Après plusieurs semaines de frappes aériennes des Etats-Unis et de leurs alliés contre les positions de l’Etat islamique autoproclamé, un fort sentiment prévaut dans la région que la seule intervention aérienne ne résoudra pas la crise née de l’expansion du mouvement djihadiste.
« Essayons autre chose », suggère, dans cet entretien à Rue89, Cyril Roussel, géographe spécialiste de la construction territoriale en Irak et en Syrie.
Ce chercheur français est présent sur le terrain depuis 1997 et poursuit son travail, depuis quatre ans, à partir de l’Institut français du Proche-Orient (Ifpo), en Jordanie.
Rue89 : Revenons sur les origines de cet Etat islamique autoproclamé...
Cyril Roussel : Ce qui est important pour comprendre le fonctionnement de Daesh, c’est la manière dont il s’attache au contrôle d’un territoire. Et pourquoi le message qu’il délivre fait autant d’émules au Moyen-Orient comme en Occident. (...)
Pour aller vite et remettre les choses en perspective : les prémices de réseaux djihadistes de type Al Qaeda (dont Daesh est issu et dont il s’est ensuite séparé) sont apparues en Afghanistan dans les années 80 et plus tard en Irak avec l’intervention américaine en 2003.
En Irak, c’est donc surtout à partir de 2004, avec l’invasion américaine (sans l’accord des Nations unies), que ces groupes vont se développer (Ansar al-Islam ; Al Qaeda en Irak ; l’Armée islamique de Irak ; l’Etat islamique en Irak en 2006 qui deviendra l’EI en juin 2014).
Ils profitent de la cassure du système politique et de la destruction de la cohésion sociale, pour s’installer dans les villes de Falloujah et Ramadi qui vont, dès 2004, être les premières où se structure l’insurrection anti-américaine.

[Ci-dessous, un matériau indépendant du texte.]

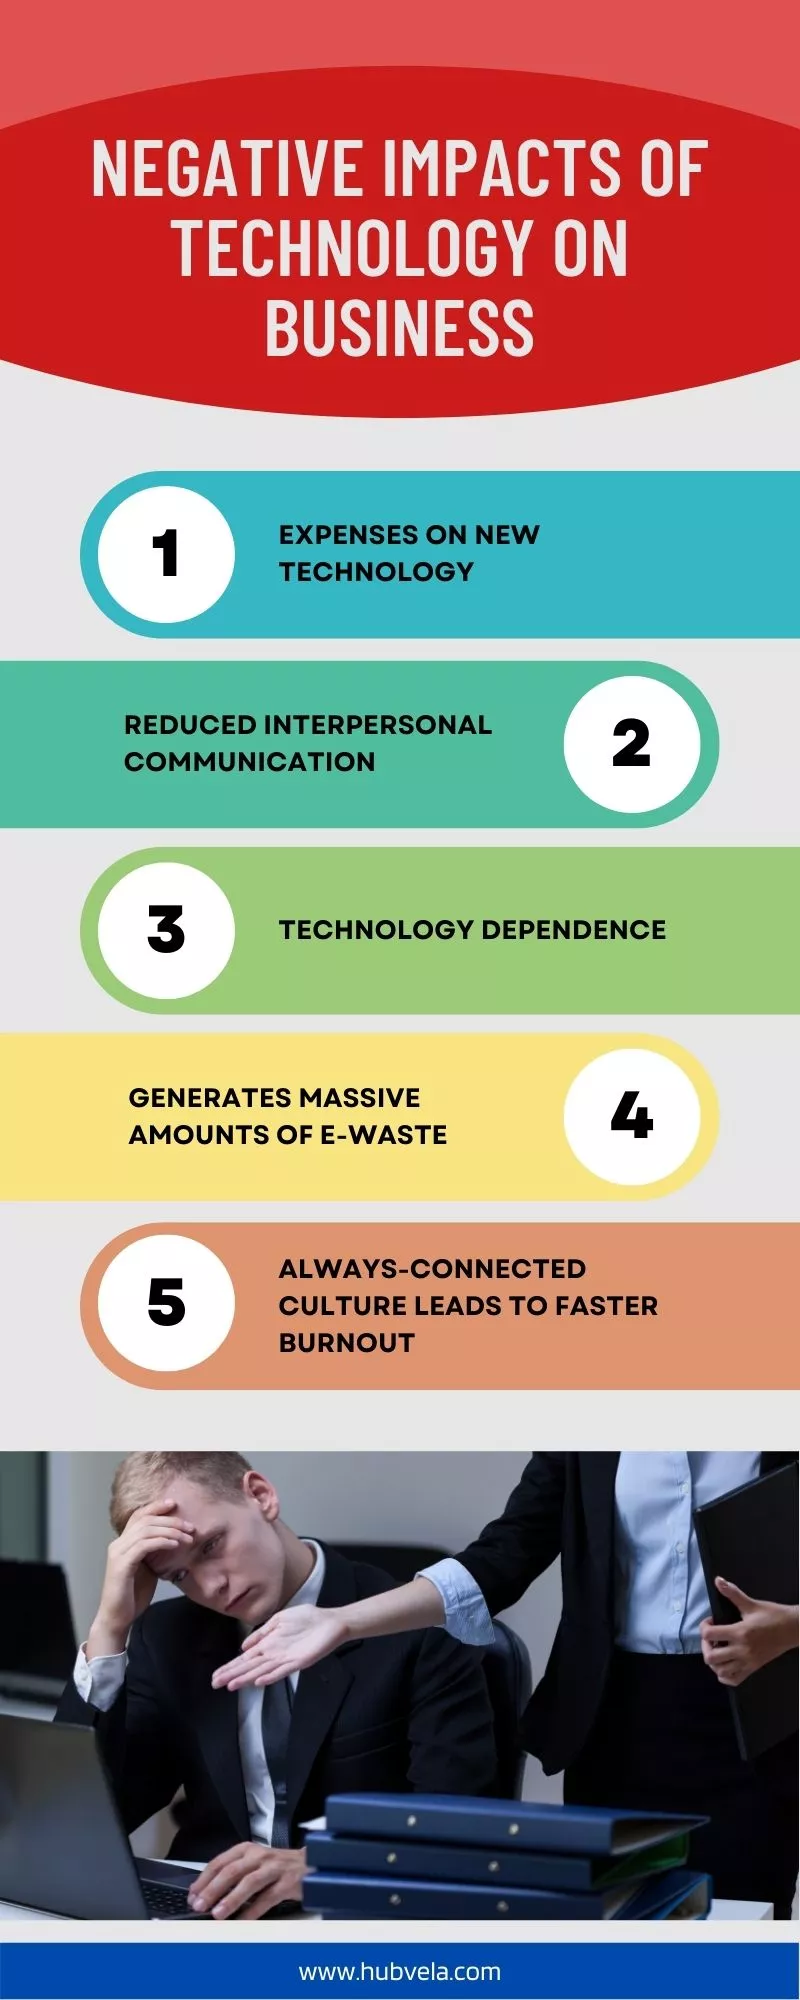 Negative Impacts of Technology on Business infographic

Ces villes vont devenir les fiefs de groupes comme Ansar al-Islam, et par la suite l’Etat islamique en Irak (EII), puis avec la constitution de sous-groupes en Syrie, il prendra le nom d’Etat islamique en Irak et au Levant (EIIL). Cela n’a donc surpris personne que Falloujah ait été la première ville irakienne prise par le Daesh en janvier 2014. (...)
Je pense qu’il faut qu’on arrête de mobiliser ce genre de grandes coalitions car on fait forcément le jeu de ceux qu’on voudrait affaiblir. En les bombardant, nous les implantons davantage.
Soutenir, conseiller les Irakiens, oui, mais alors sans négliger les sunnites et en évitant de les stigmatiser. C’est plus long, moins radical, mais c’est plus efficace sur le long terme. On devrait œuvrer vers le rejet de ces mouvements par les populations locales en privilégiant le dialogue avec les tribus sunnites et œuvrer pour le dialogue entre chiites et sunnites en Irak.
Quand il n’y a pas d’autre solution, quand le remède, c’est cet islam djihadiste, ça veut dire qu’on a raté plusieurs étapes. Dans ce cas, le mieux à faire c’est encore prendre du recul, regarder les erreurs qui ont été faites, mais ne pas les refaire encore une fois !
Ne pas envoyer d’hommes au sol, comme l’a dit Obama, c’est envoyer moins de cercueils aux Etats-Unis, et l’impact sur l’opinion publique américaine sera, certes, moindre.
Mais ici, ça va faire venir des adeptes qui vont s’organiser en guérilla urbaine, poser des bombes, mettre des snipers, tirer sur des avions de ligne… On entre dans un engrenage. Essayons autre chose.